* **Brief**
Retype the data below exactly, skipping pictures.

* **Source material**
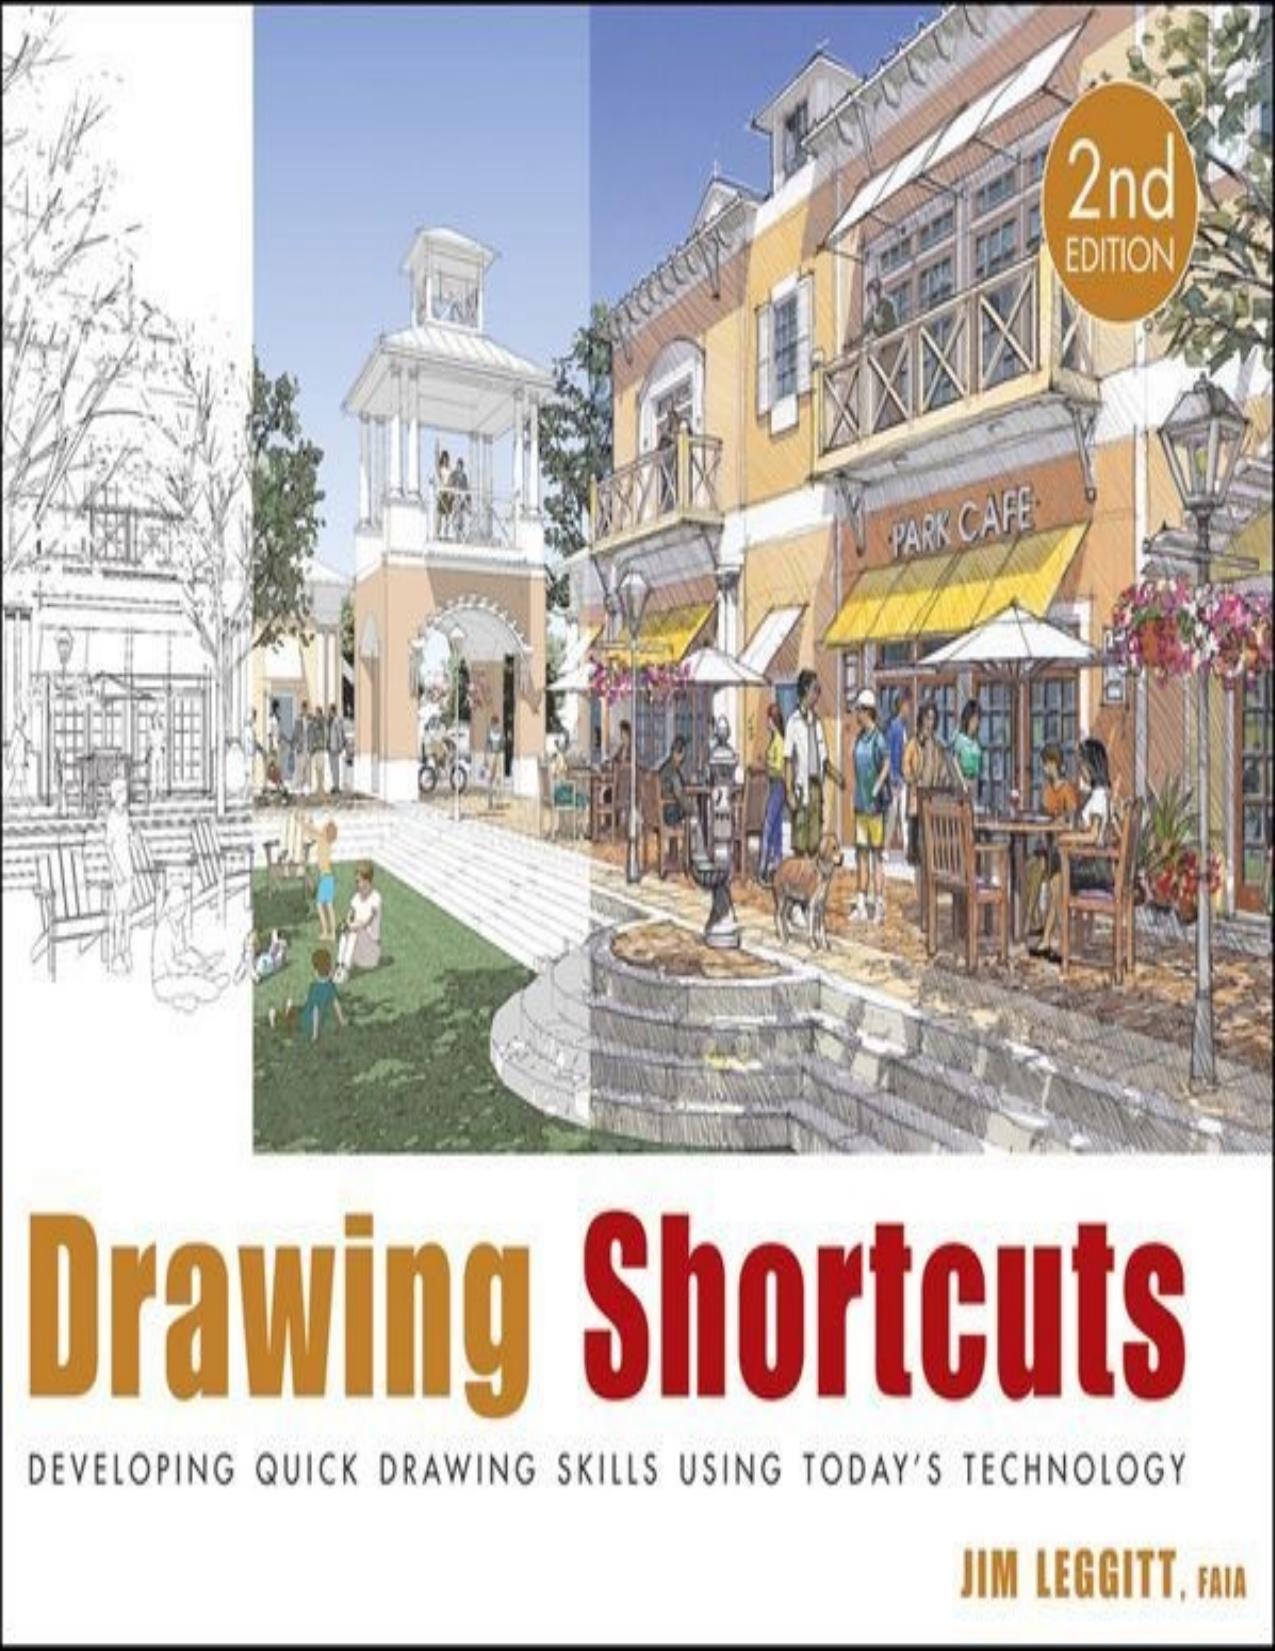 Drawing Shortcuts: Developing Quick Drawing Skills Using Today\'s Technology - PDFDrive.com
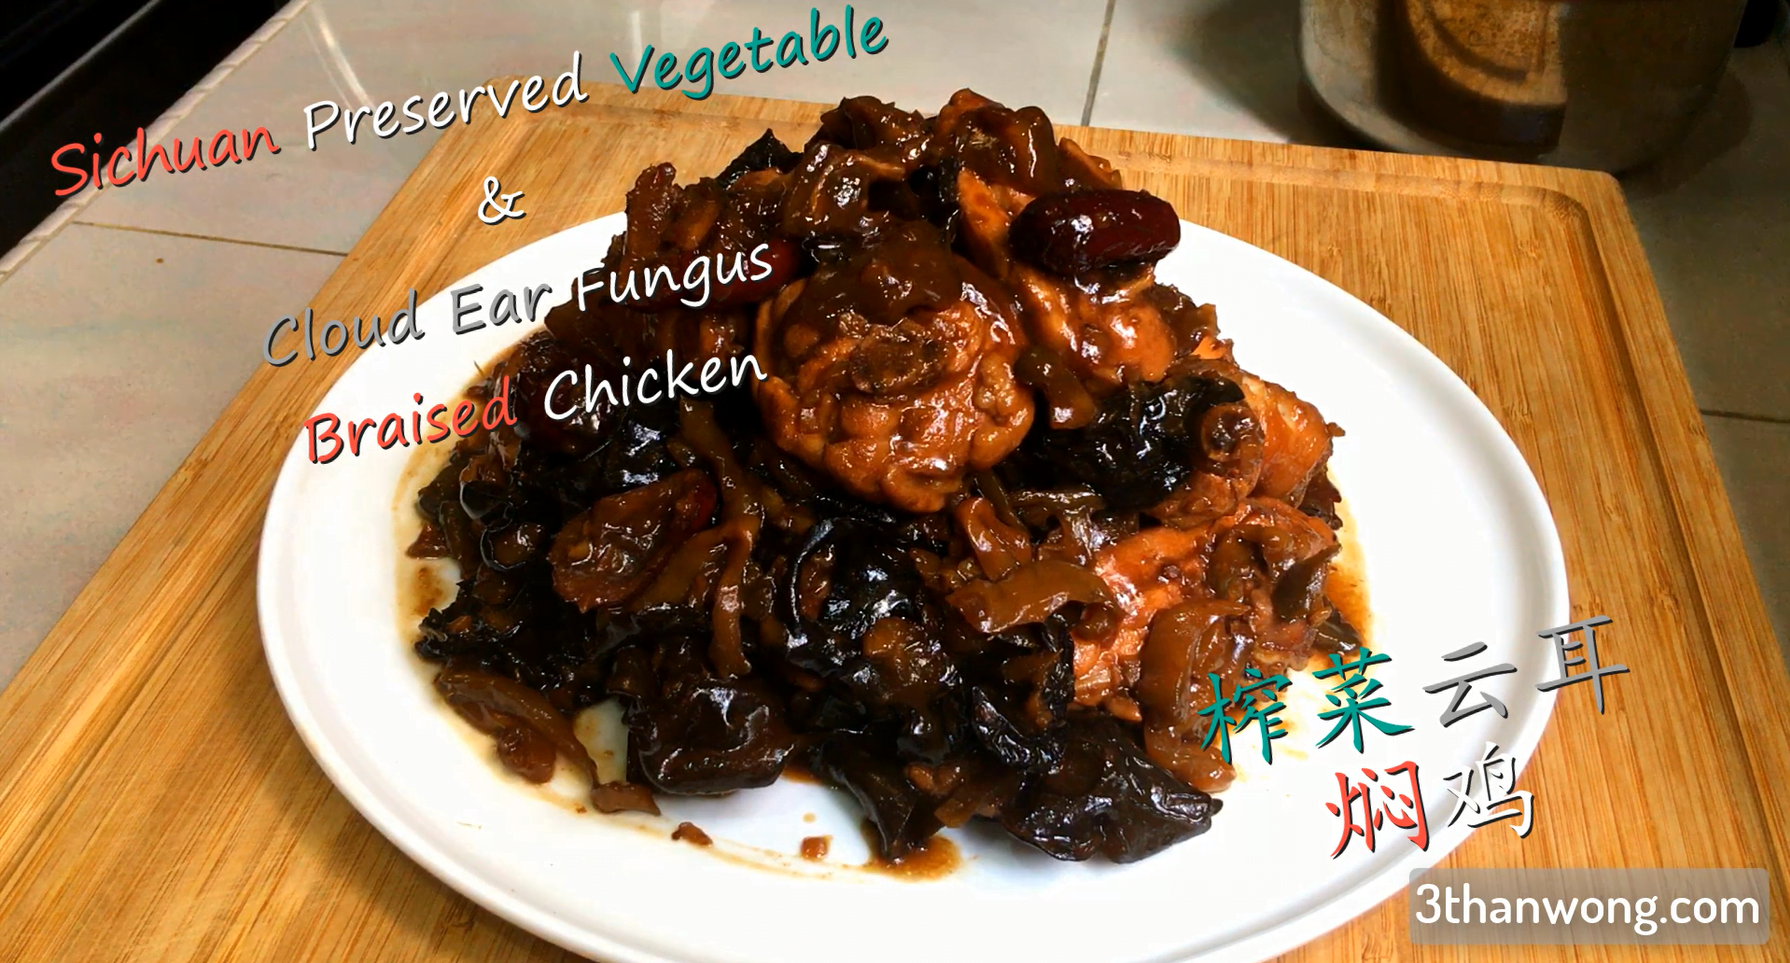 Chinese Chicken Recipe with Fungus and Vegetables
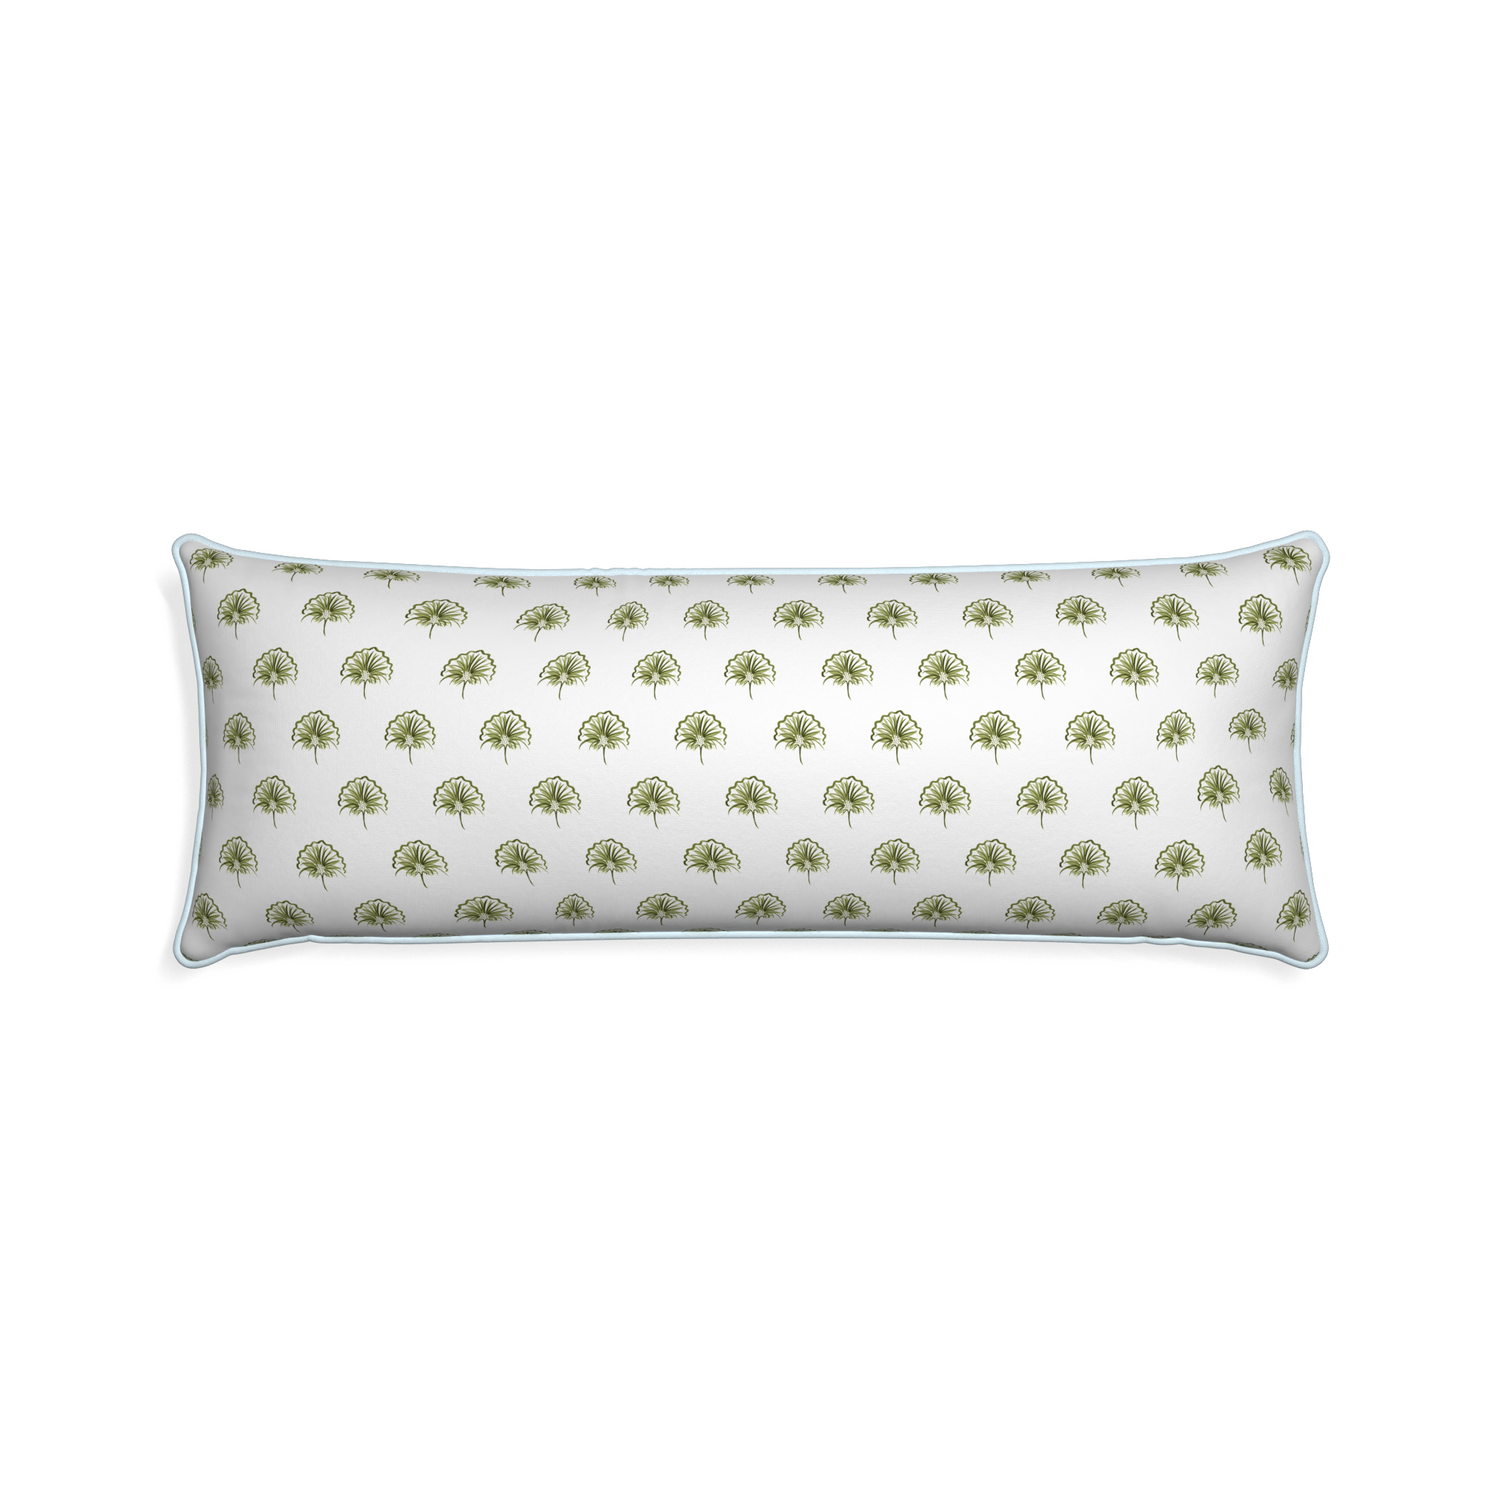 Xl-lumbar penelope moss custom green floralpillow with powder piping on white background

* **Exercise solution**
 Drawing Shortcuts: Developing Quick Drawing Skills Using Today\'s Technology - PDFDrive.com
 Chinese Chicken Recipe with Fungus and Vegetables
 Xl-lumbar penelope moss custom green floralpillow with powder piping on white background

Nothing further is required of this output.